[TRY IT] The task calls for an exact retyping of the lines from the one holding "LILYSILK Women's Pure" through the end of the listing, with pictures omitted and nothing added.

**** COLLECTED DATA

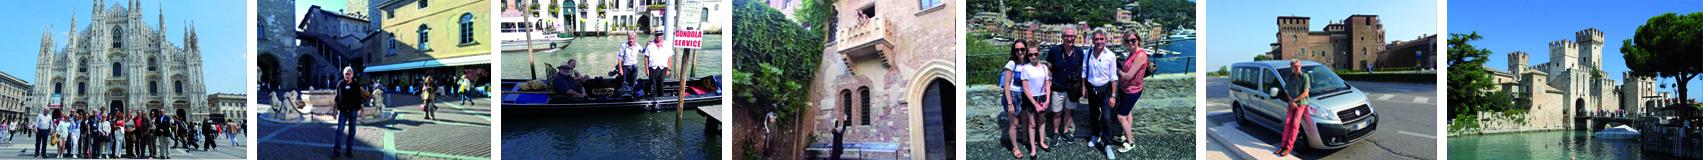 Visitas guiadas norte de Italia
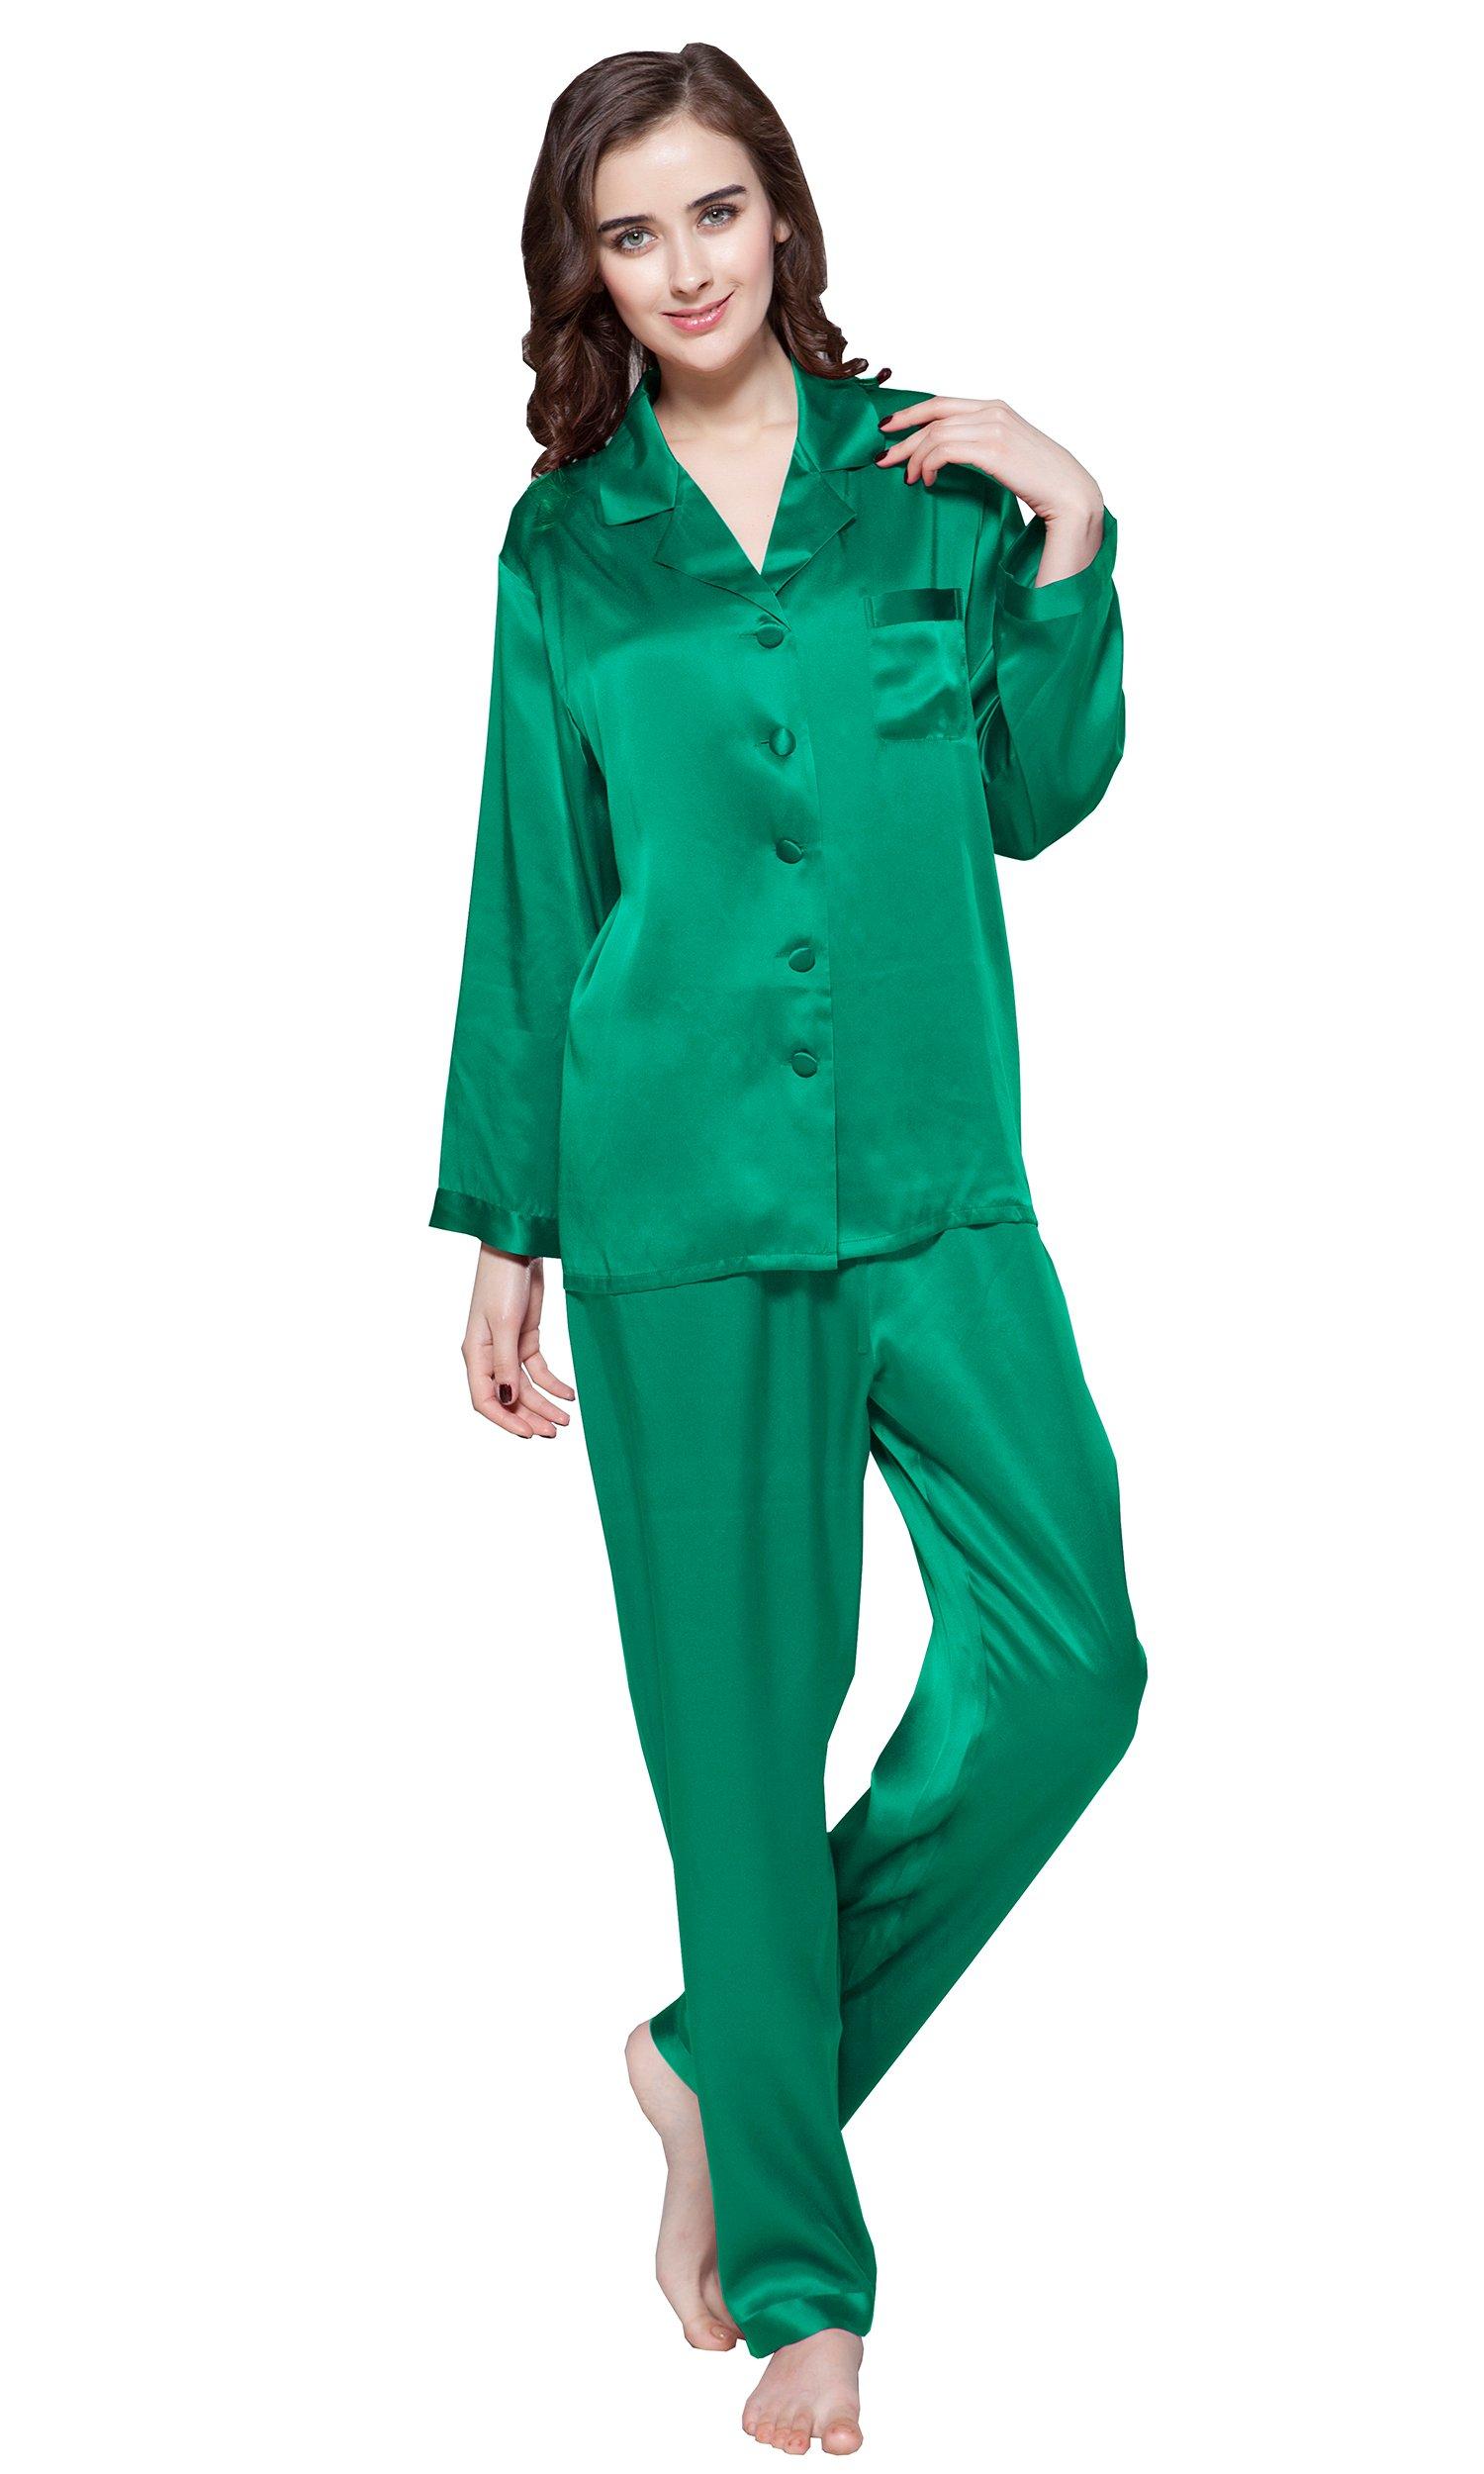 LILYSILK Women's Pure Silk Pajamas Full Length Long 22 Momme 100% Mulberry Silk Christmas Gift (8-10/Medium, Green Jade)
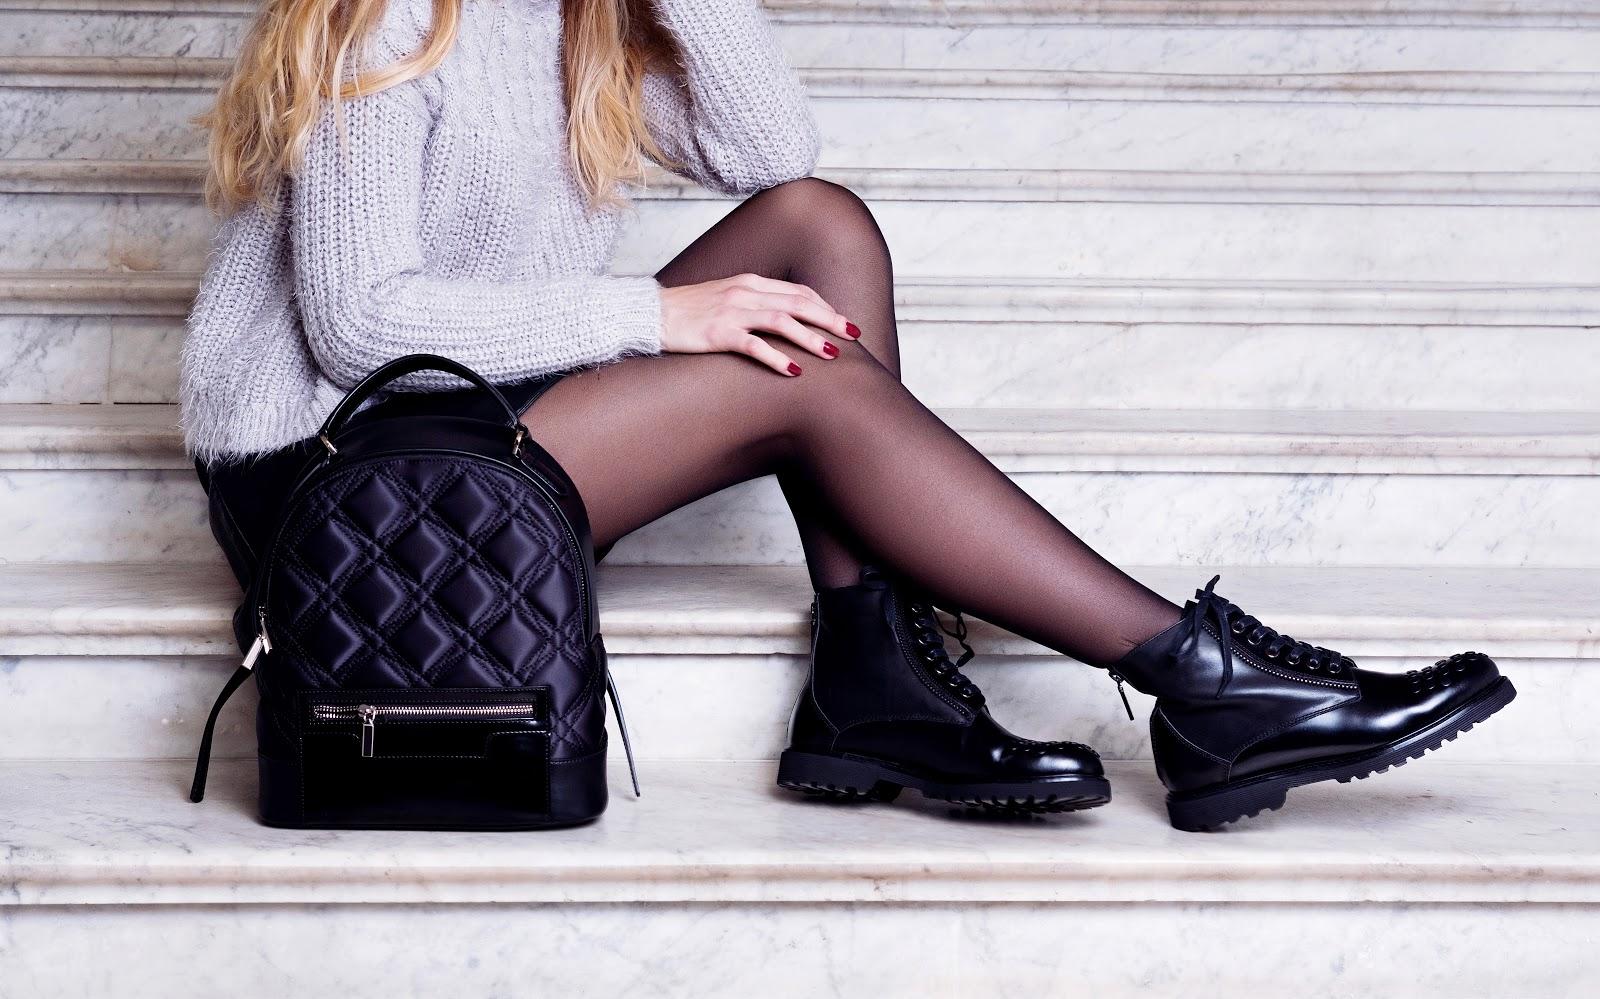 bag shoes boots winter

********

[RESULT OF THIS EXERCISE]
 LILYSILK Women's Pure Silk Pajamas Full Length Long 22 Momme 100% Mulberry Silk Christmas Gift (8-10/Medium, Green Jade)
 bag shoes boots winter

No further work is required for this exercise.